This web page was produced as an assignment for Genetics 564, an undergraduate course at UW-Madison.
Specific Aims
Schizophrenia is a complex disease, meaning that the development of this disease is associated with multiple gene as well as environmental factors. Due to its complex nature, schizophrenia has a wide variety of symptoms, including communication and brain stress.6,7 Although the exact cause(s) of schizophrenia remain unknown, mutations in the Topoisomerase 3 Beta (TOP3B) gene has been shown to increase the risk of schizophrenia.2 The main function of topoisomerases, such as TOP3B, is to unwind highly condensed DNA to make small segments of DNA accessible so that processes such as DNA replication can occur.3 Due to its important interactions with DNA, TOP3B is highly conserved in organisms ranging from mammals to plants. The TOP3β protein has also recently been found to directly bind RNA and associated proteins.4 However, the pathways that TOP3β influences through RNA and protein binding remains unknown.

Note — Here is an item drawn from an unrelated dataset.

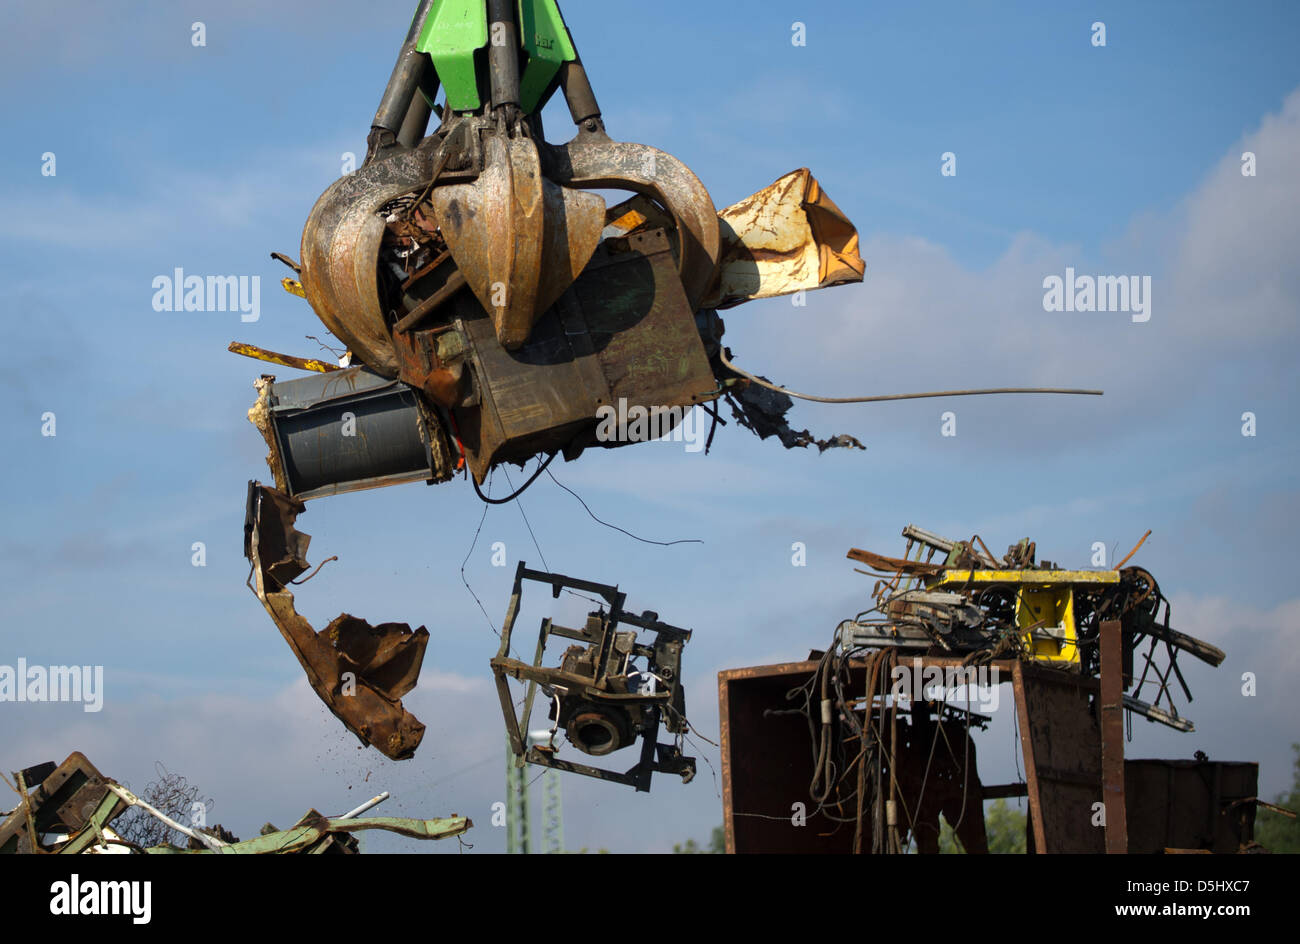 The artwork by documenta artist Lara Favaretto which consisted of a scrap heap is removed in Kassel, Germany, 18 September 2012. After 100 days, the documenta (13) art exhibition ended on 16 September 2012. Photo: Uwe Zucchi Stock Photo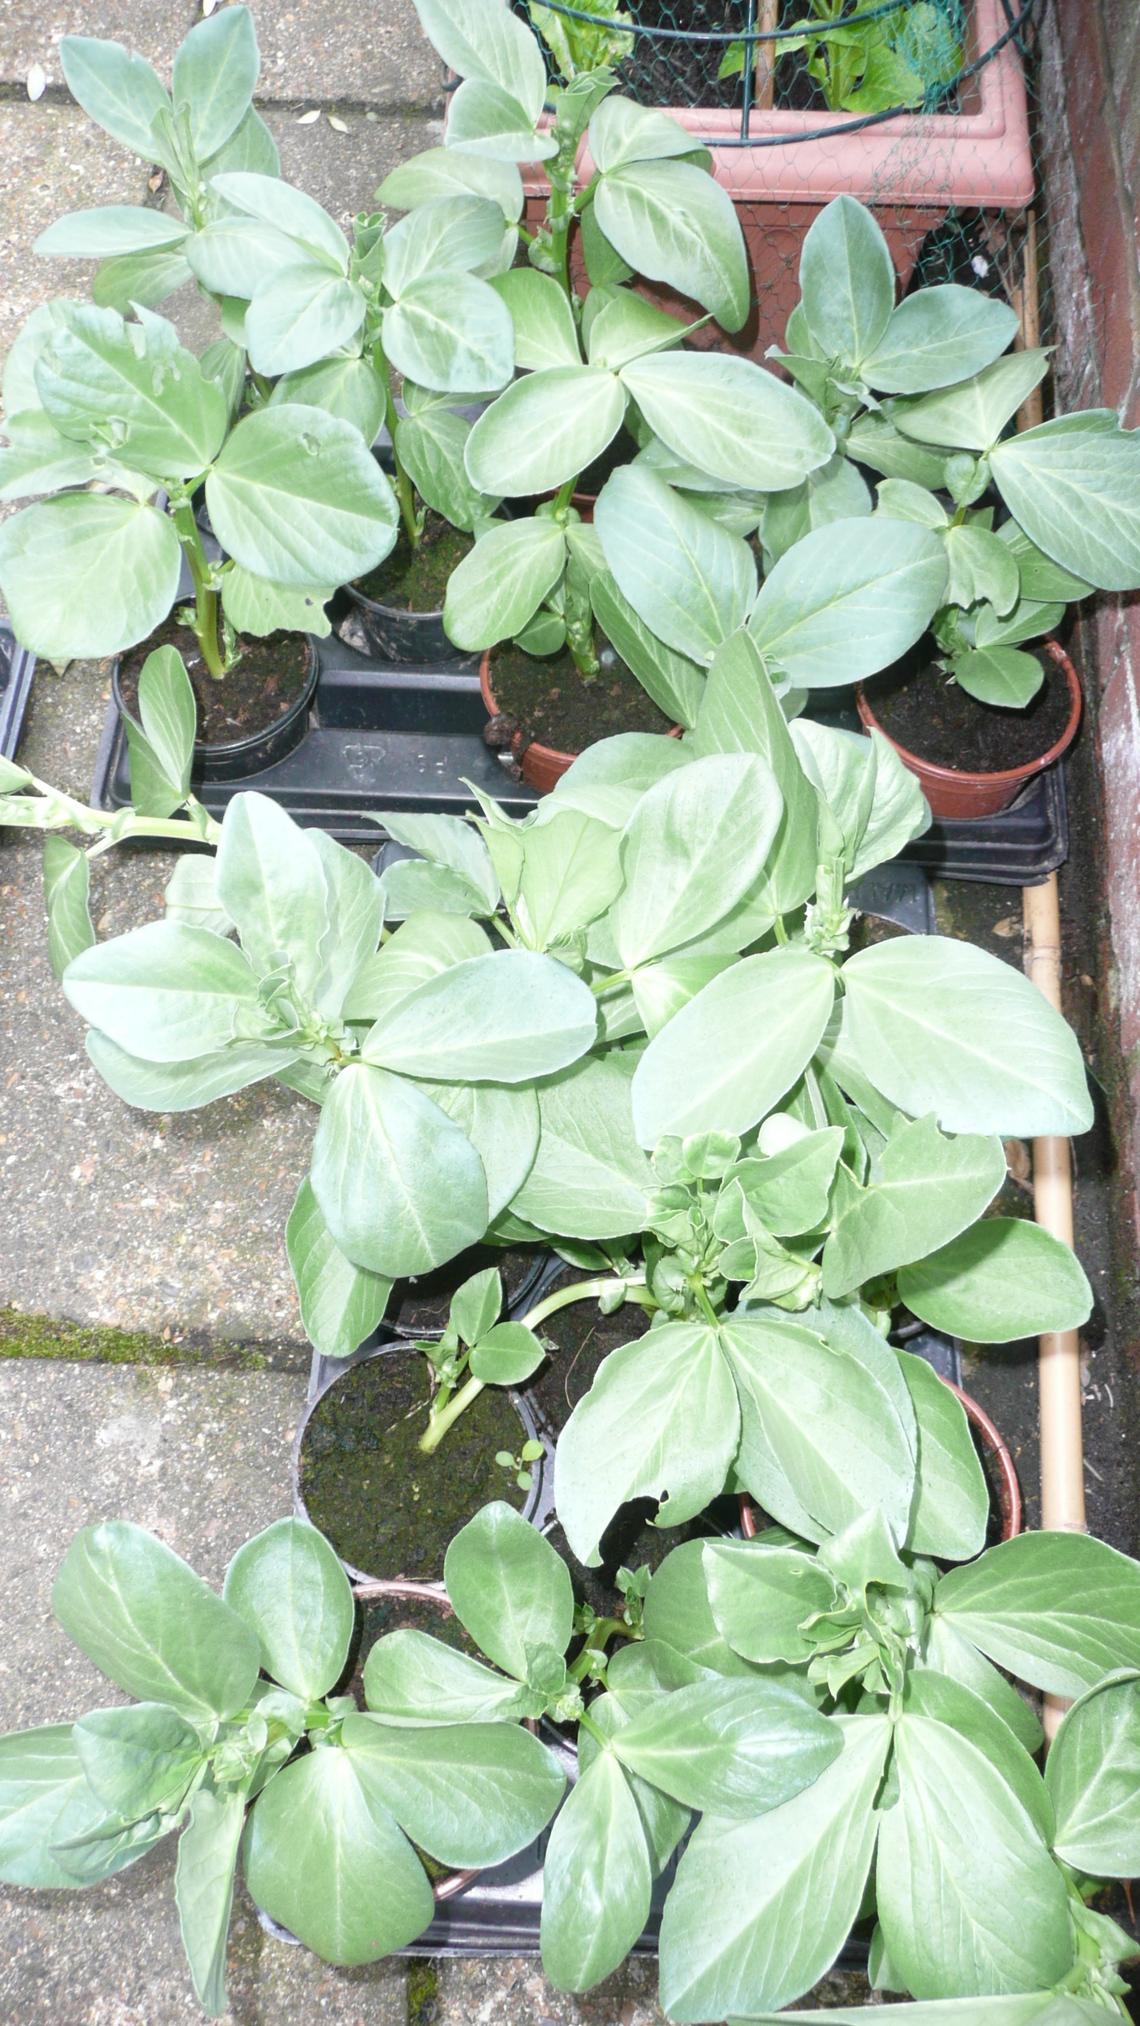 broad beans ready to plant out

Here, we will test the hypothesis that wildtype TOP3β directly binds proteins and RNAs that are involved in stress pathways and that these are interrupted when TOP3B is mutated. This idea is supported by recent findings that TOP3β localizes to cytoplasmic compartments containing specific RNAs following cellular stress.4 TOP3β was also directly binds to TDRD3, a protein that plays a role in the formation of RNA stress granules, aggregates of RNA formed when the cell in under stress.4,8,9 In addition, TOP3β directly binds FMRP, a protein that also moves to stress granules following stress.4,1 These findings suggest the involvement of TOP3β in stress pathways, but the mechanism of such involvement remains unclear. The primary goal of this research is determine the function of TOP3β in schizophrenia related pathways, such as the stress pathway. The long-term goal is to improve our understanding the relationship between TOP3B and schizophrenia on a cellular level.
Specific Aim: To identify functional similarities among organisms with complex and basic nervous system. Hypothesis: There will be a functional similarity among these organisms correlated to important pathways related to schizophrenic symptoms that TOP3β affects. Approach: To perform a MEME motif search between Homo sapiens, C. elegans, Arabidopsis thaliana, and Oryza sativa. This group was chosen due to the varying degrees of neuronal development. The recovered motifs will then be analyzed for GO terms in GOMO.
Specific Aim: To identify novel protein interactions of TOP3β in the nervous system. Hypothesis: TOP3β will interact with proteins involved in stress pathways. Approach: To Perform Tandem Affinity Purification (TAP) with TOP3β as the protein of interest in C. elegans. Mass Spectrometry (MS) will be performed on individual bands after SDS-PAGE and in-gel trypsin digest. Brain-specific interacting proteins, found through cellular component Gene Ontology (GO) terms, will be analyzed and compared to the GO terms found in the first aim. C. elegans is an ideal organism for this proteomic study due to its sequenced genome and simple neural network.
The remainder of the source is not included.